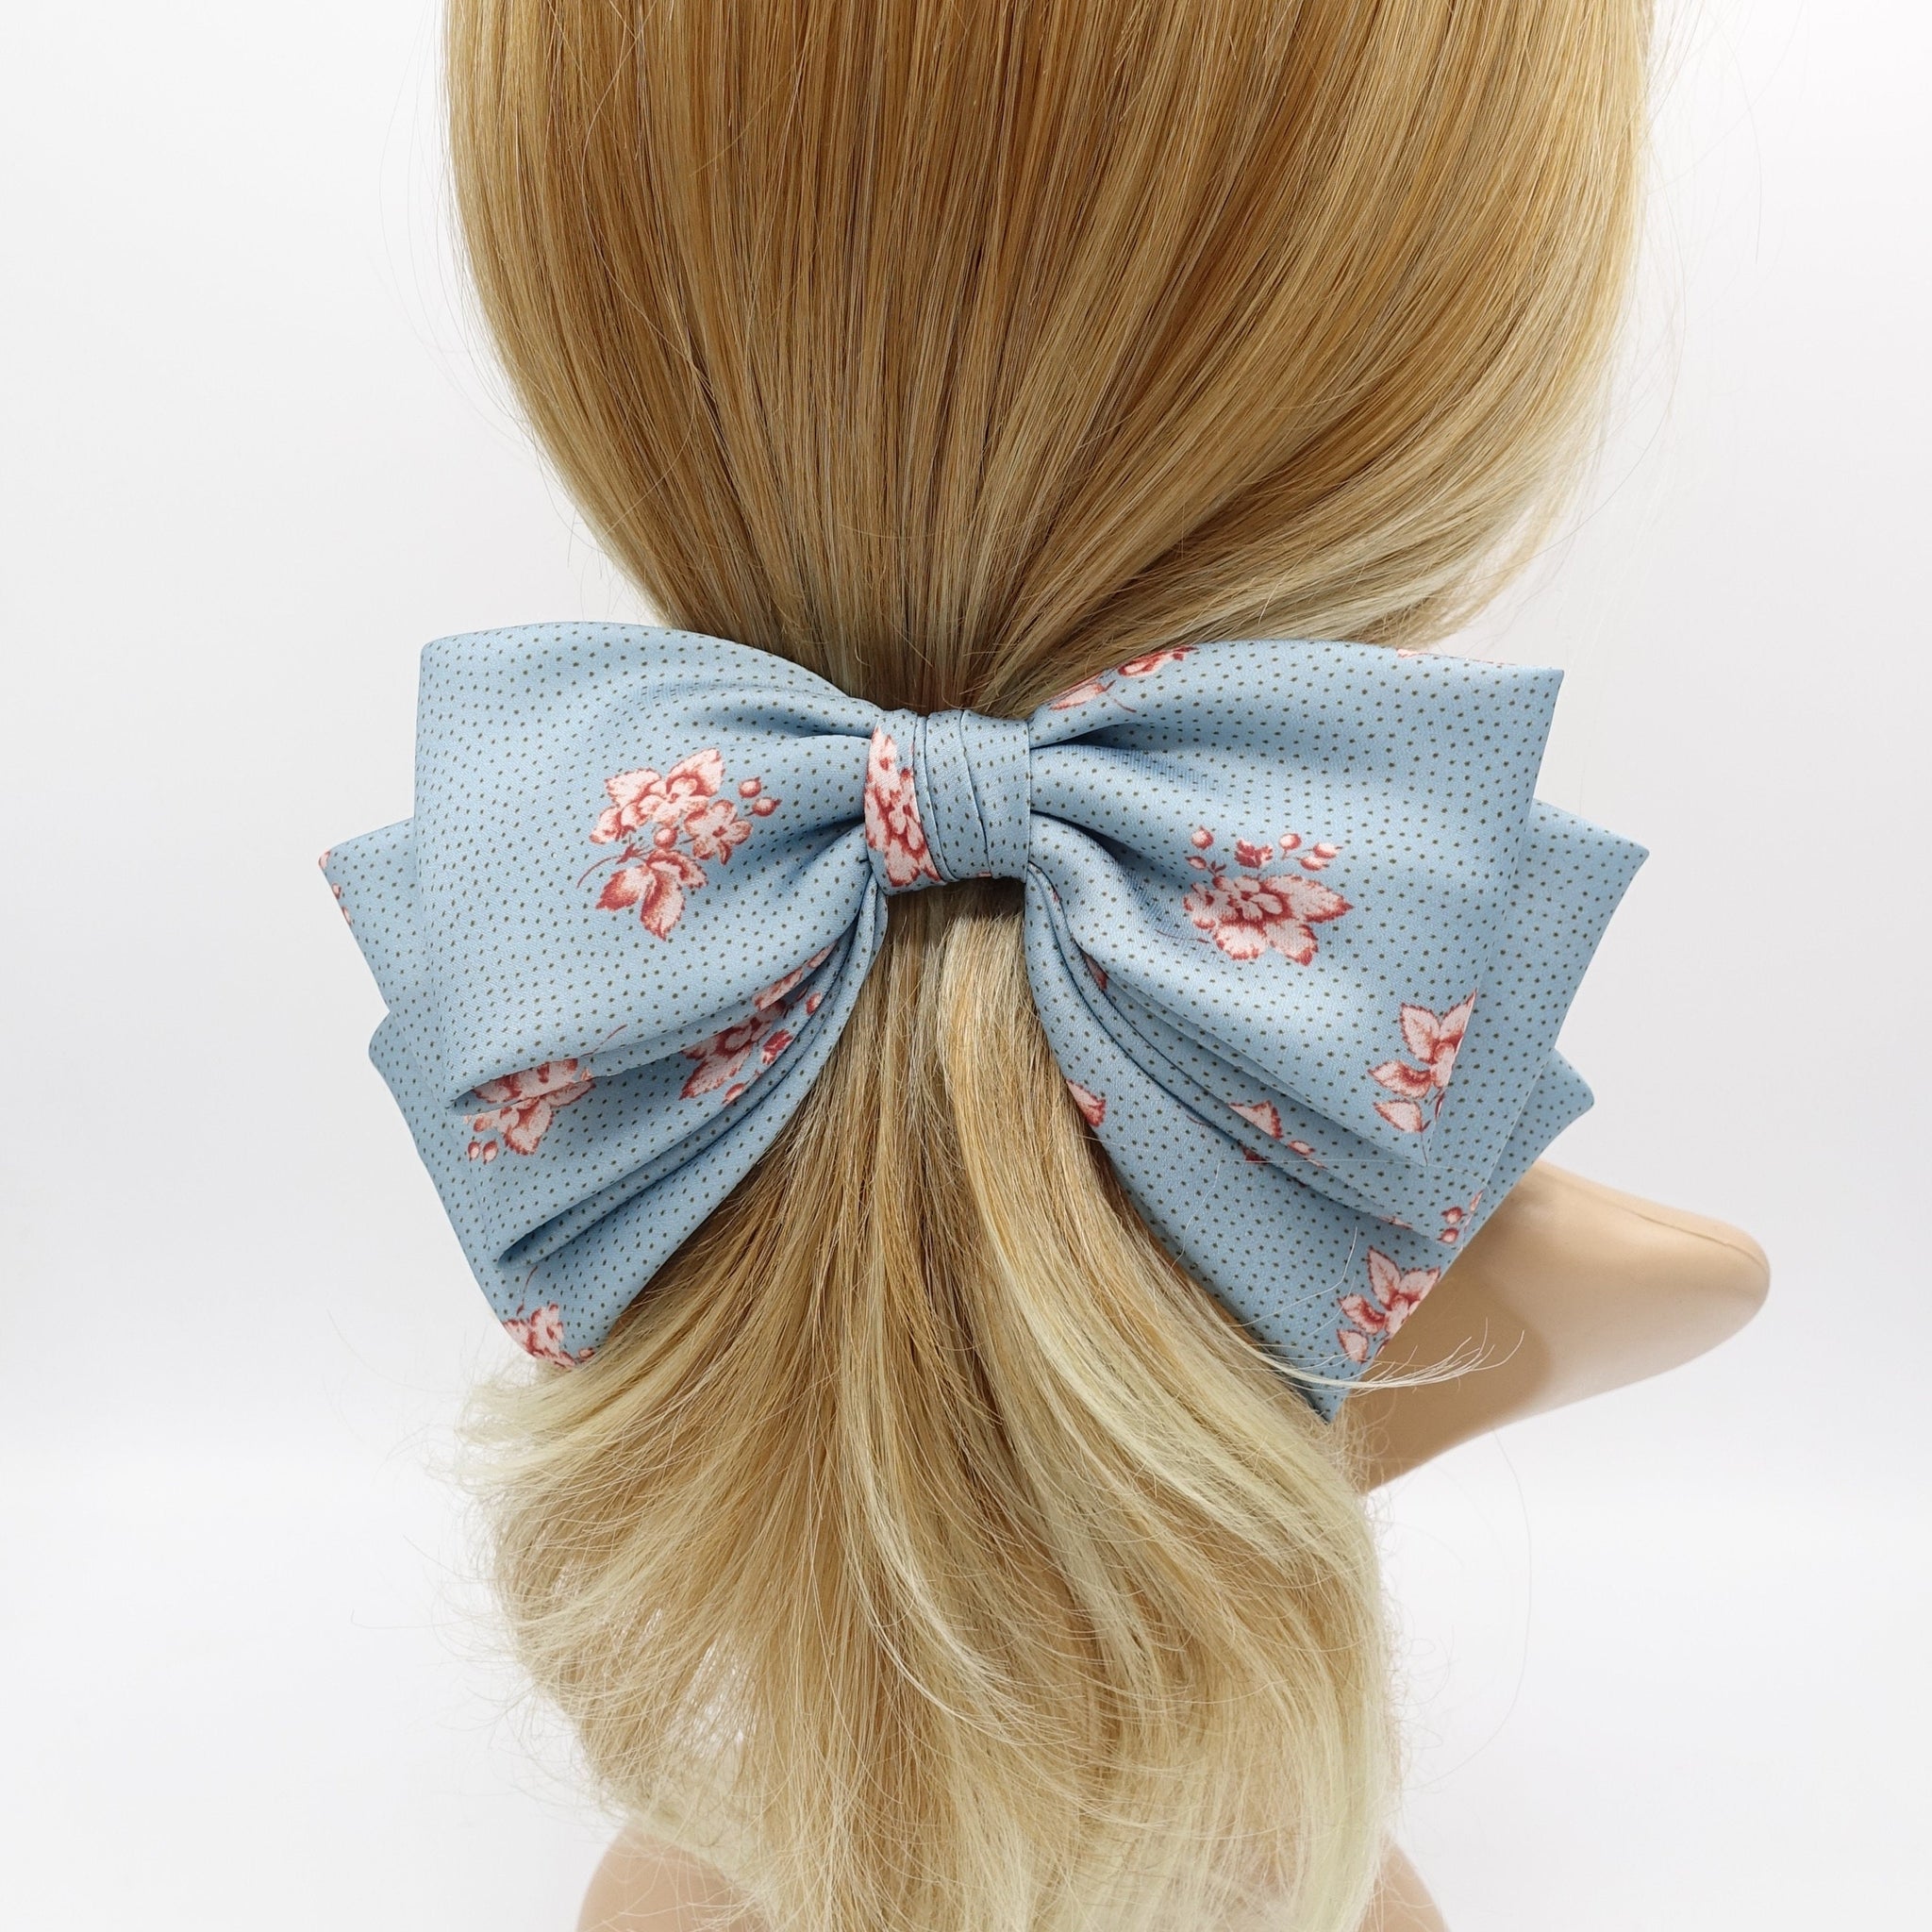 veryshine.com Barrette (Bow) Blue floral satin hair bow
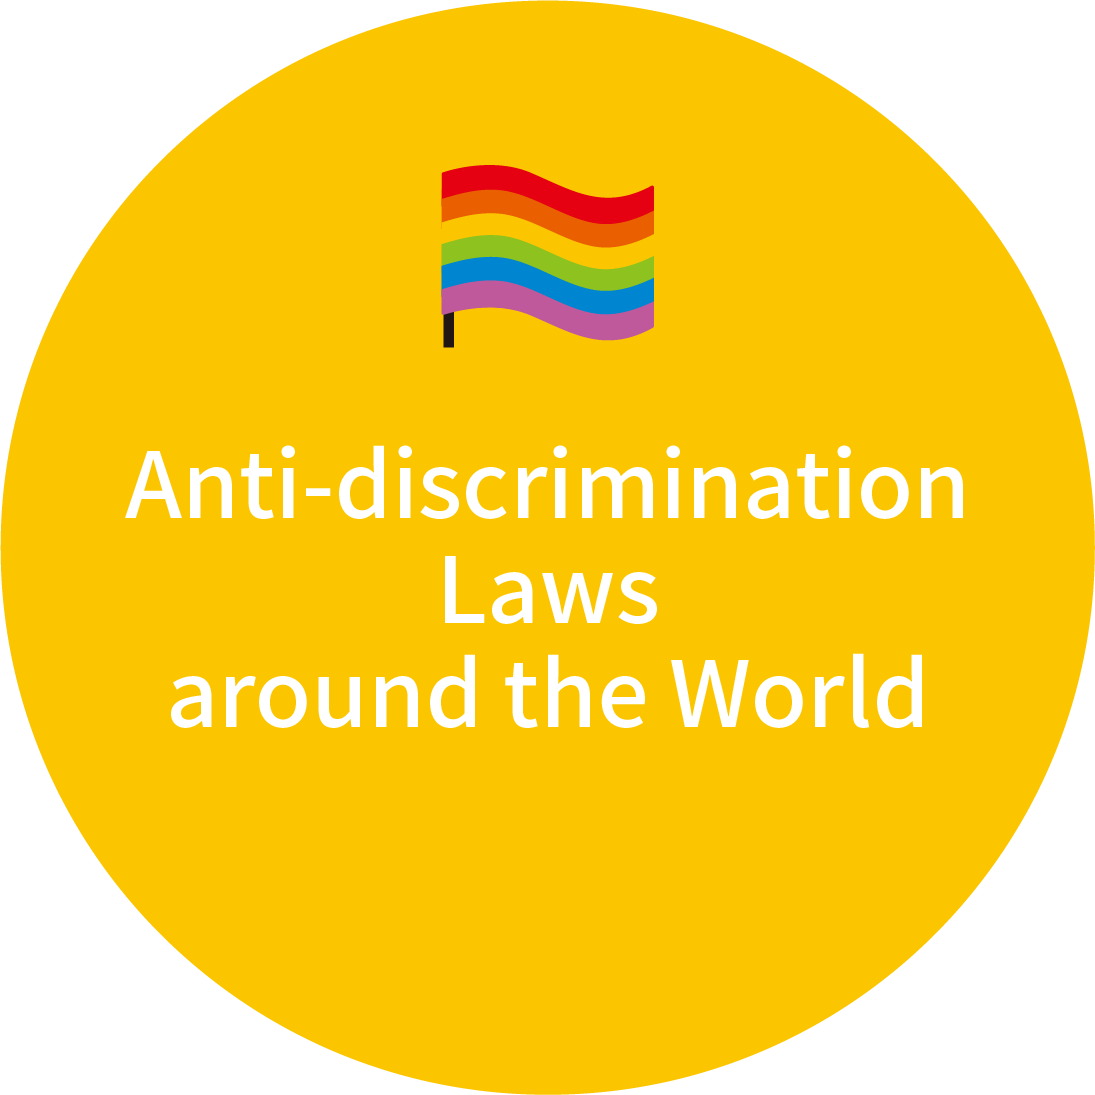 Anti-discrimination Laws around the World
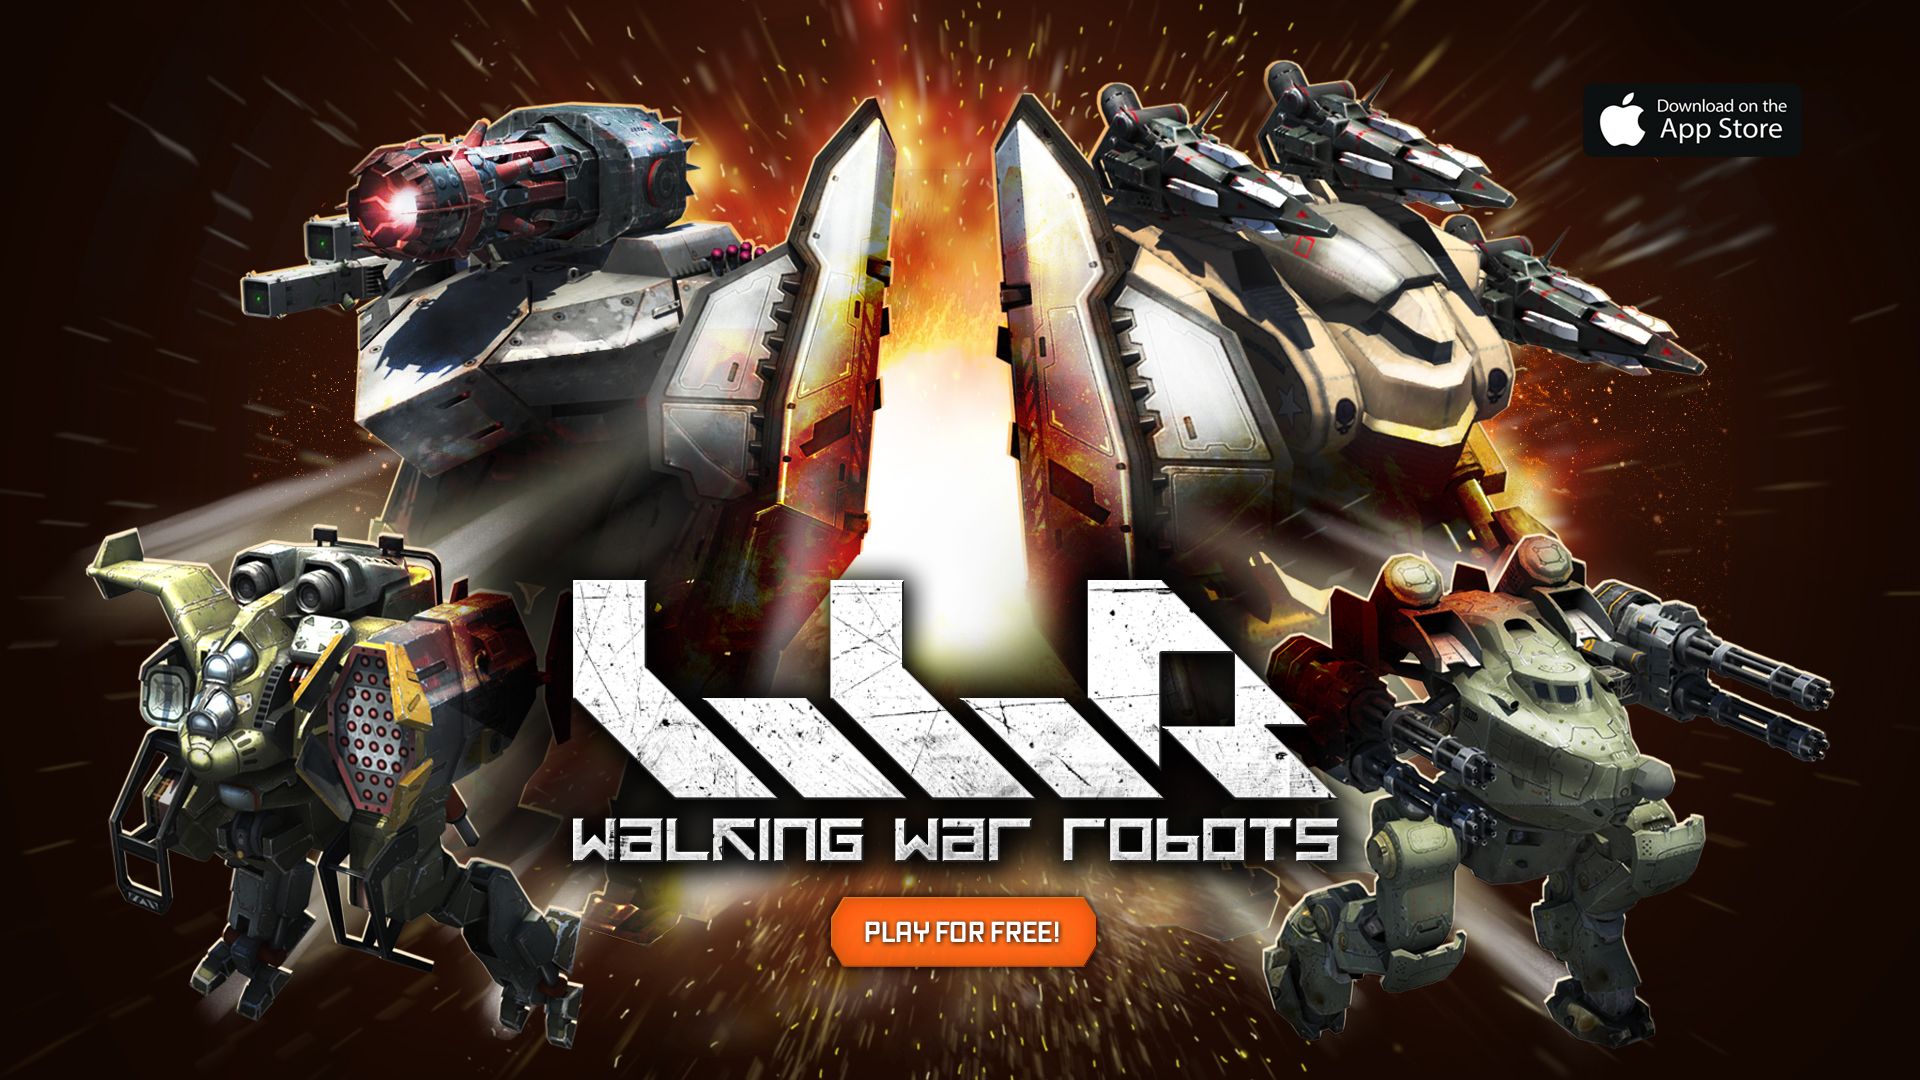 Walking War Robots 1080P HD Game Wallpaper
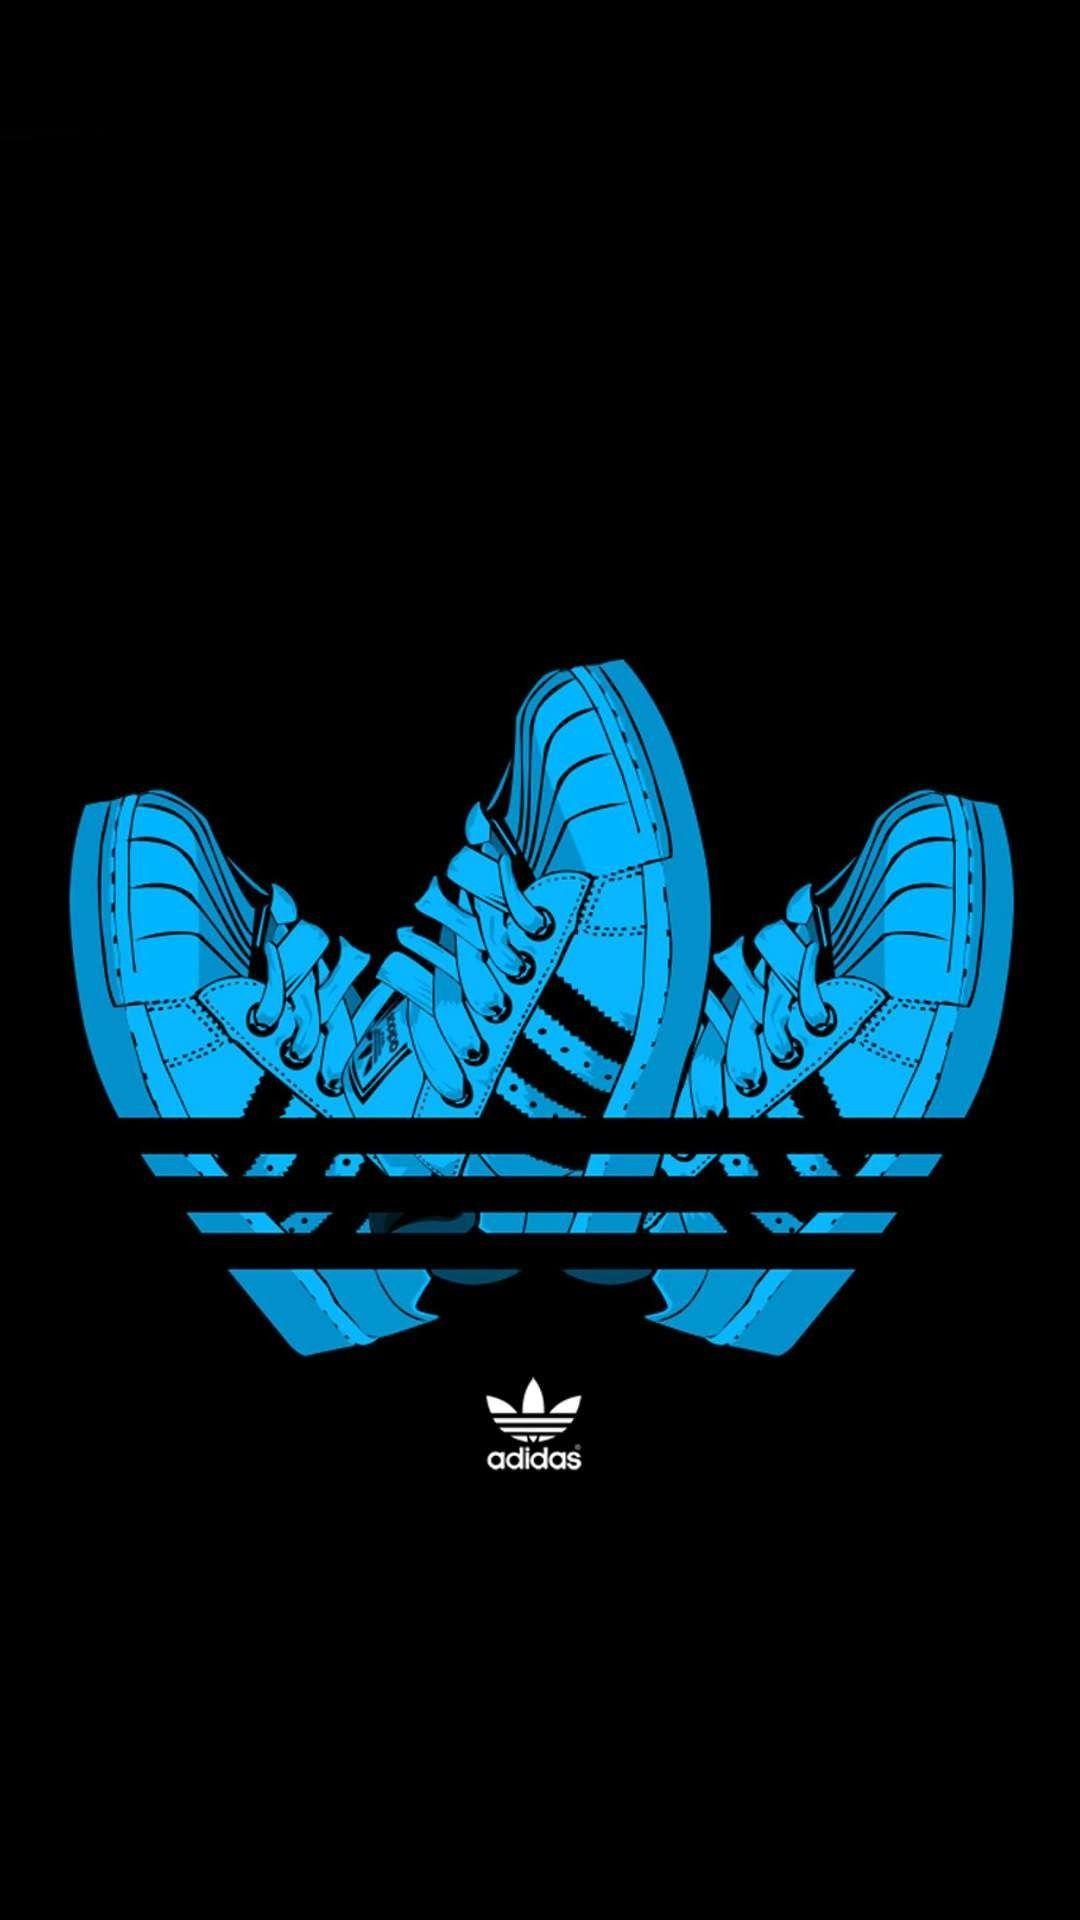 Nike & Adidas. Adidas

● EXERCISE
Nothing but the lines from the line containing "Walking War Robots 1080P HD Game Wallpaper" through the last line of the listing above should appear, output exactly, with no pictures.

● EXERCISE OUTPUT
 Walking War Robots 1080P HD Game Wallpaper
 Nike & Adidas. Adidas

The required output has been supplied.